Therefore, a detailed study of population structure, demographic history, and natural selection may provide insight into orang-utan population history and evolution.

Estimates of split time of the two orang-utan populations vary greatly across different studies. Earlier studies based on the hypervariable control region I of mitochondrial DNA suggested a split time of 1.1–3.6 million years ago (mya) [5], [6], [21]. In contrast, two recent analyses on whole genome nuclear DNA sequences using methods based on single nucleotide polymorphisms (SNP) frequencies [22] or a coalescent hidden Markov model [23] estimated the split time to be 0.3–0.4 mya. These estimates are difficult to reconcile, because the studies are based on different data (mtDNA vs nuclear data) from different samples. Here we analyze SNPs found by previous direct genome sequencing of mtDNA and nuclear DNA from 10 individuals in the orang-utan genome project [22]. The combined analysis of complete autosomal data and mtDNA data from the same individuals, along with previously published mtDNA data from an independent set of samples [5], [6] gives us greater insight into organg-utan speciation history.

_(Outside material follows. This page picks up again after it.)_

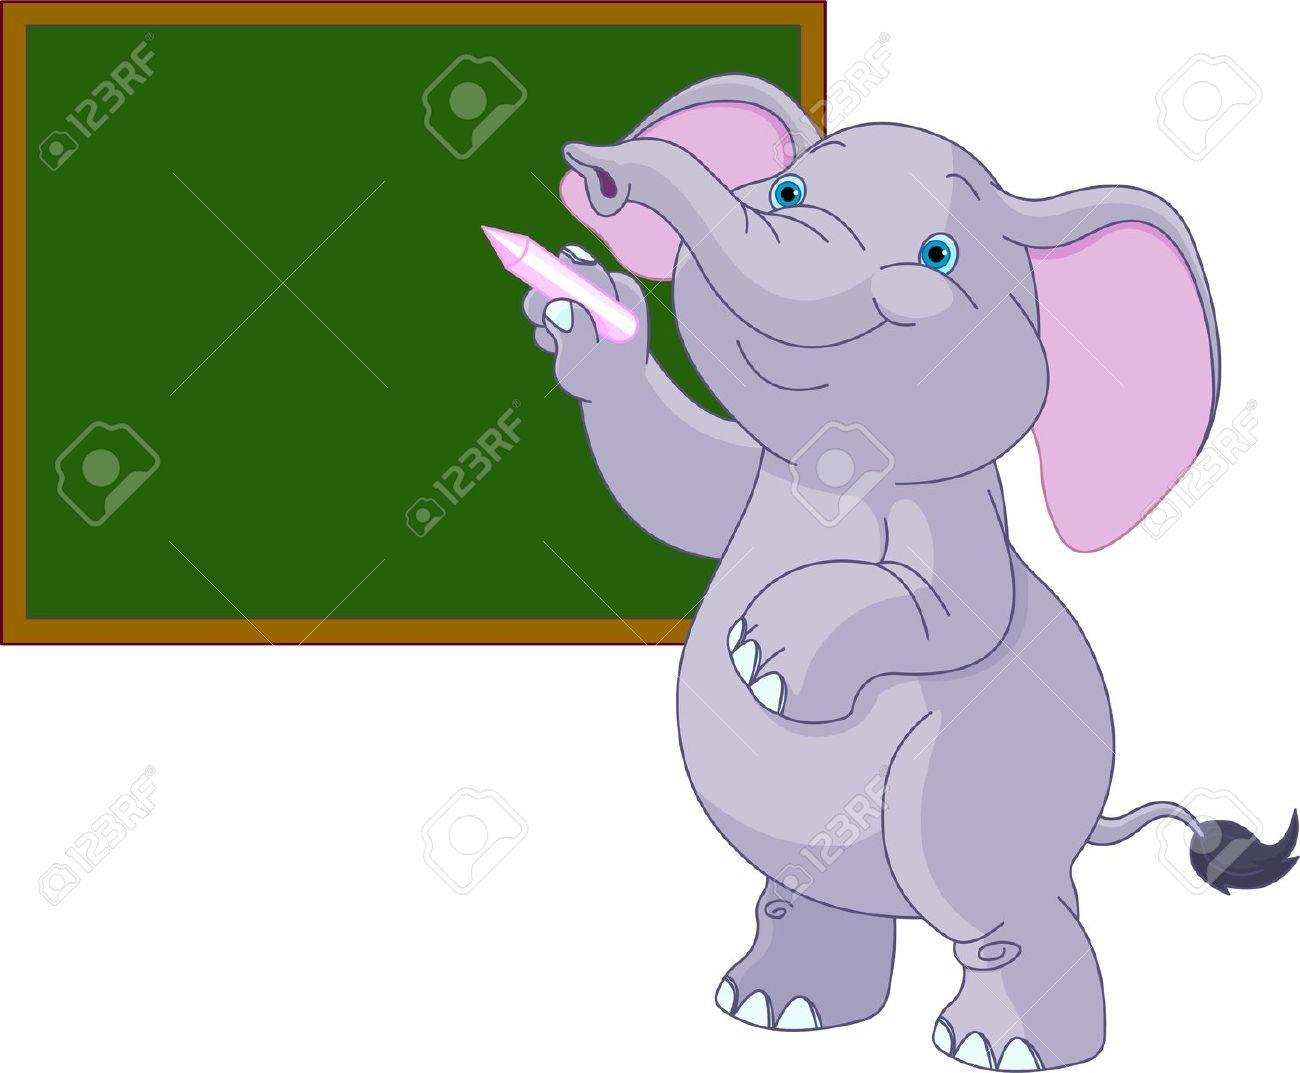 Cute Elephant Writing On Blackboard Royalty Free Cliparts, Vectors.
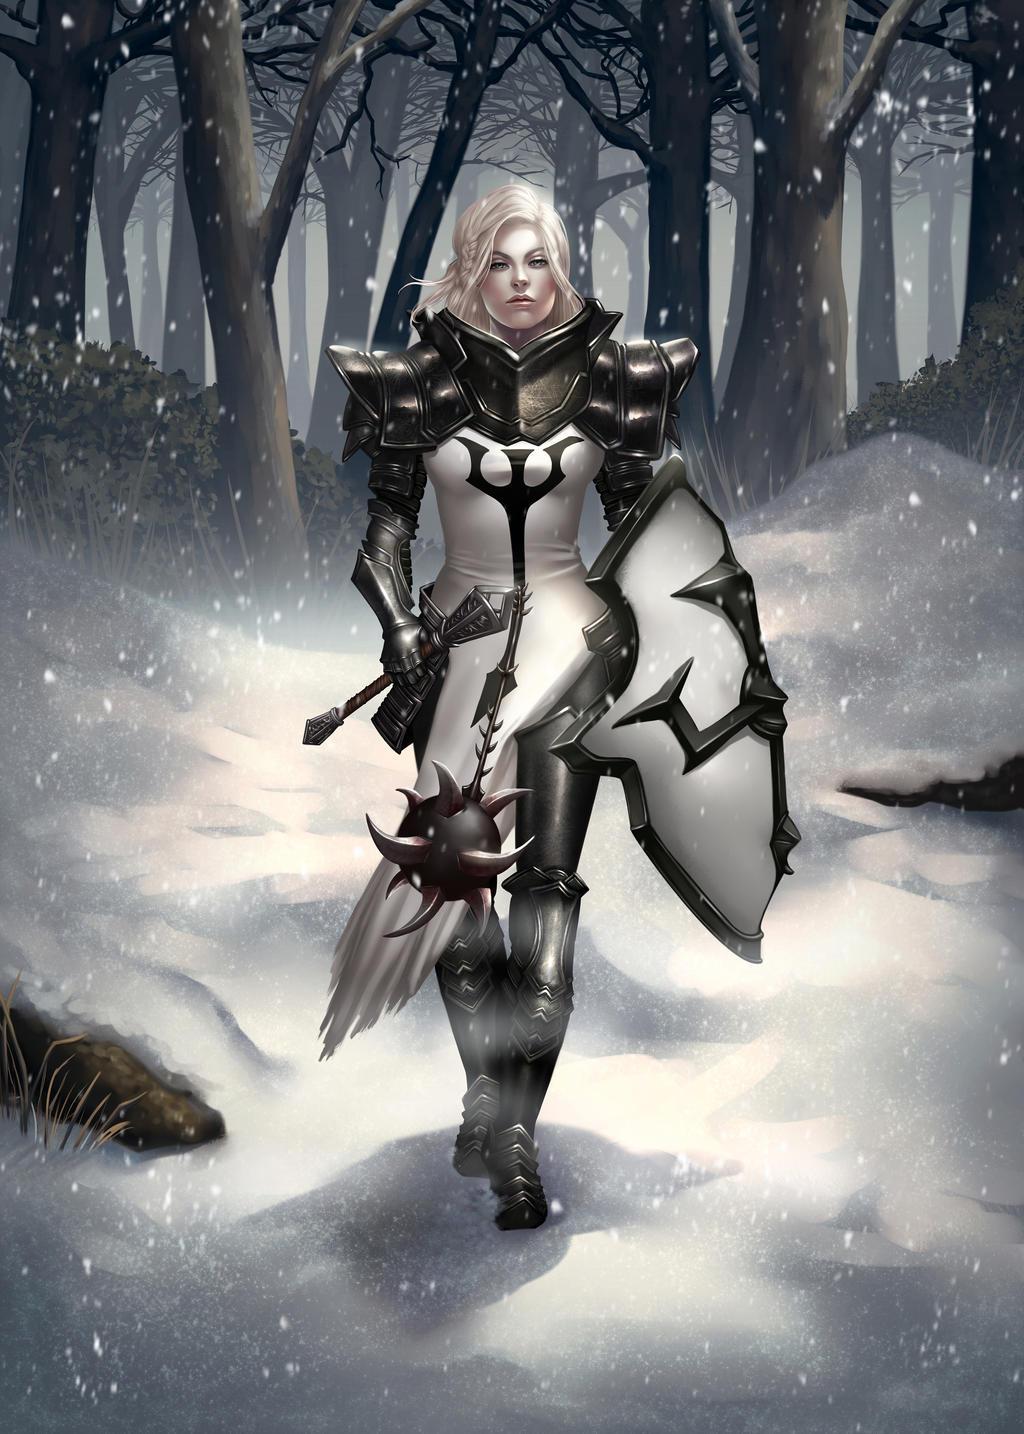 Diablo 3 crusader female nude porn pictures

Orang-utans are the only Asian great ape, and although they represent the first hominid divergence, they share several convergent traits with humans [24] and provide an important model for human morphological evolution [25]. In the orang-utan genome paper [22], we provided a detailed study of genes under positive selection. However, the methodology we used in that paper relied on branch-site likelihood ratio tests [26], [27], which only utilized among-species divergence information and focused on only positive selection. In this study, we quantify the impact of natural selection on genetic variation in orang-utans by combining within-species polymorphism and between-species divergence data. We classify SNPs into functional categories and carry out a detailed analysis of their site-frequency spectra (SFS) to quantify potential differences in selective pressures between the Bornean and Sumatran populations. A modification of our previously published diffusion-based inference strategy [28] allows us to infer the strength of purifying selection on protein-coding genes while controlling for demographic history. To further understand the distribution of selective effects among different categories of functional mutations, we use predictions based on the PolyPhen-2 algorithm to classify amino acid changes as putatively benign, possibly damaging, and probably damaging [29]. To identify neutrally and non-neutrally evolving loci, we also undertake a genome-wide scan for genes under selection using a novel inference method, SnIPRE (See Materials and Methods for details), which compares protein-coding polymorphism and divergence data using a robust generalized linear mixed model approach [30].

Results

Demographic History of Orang-utan

Ten Bornean and Sumatran wild-caught zoo orang-utans of unknown geographic origin (five per population) were previously sequenced to a median read depth of 6–8X as part of the Orang-utan Genome Sequencing Project [22]. Our analyses of these data at the time indicated a population split-time of 0.4 mya, as well as a current Sumatran effective population size four times larger than that of the Bornean population [22]. To put this split time into perspective, it is similar to the estimated time of the human-Neanderthal split [31].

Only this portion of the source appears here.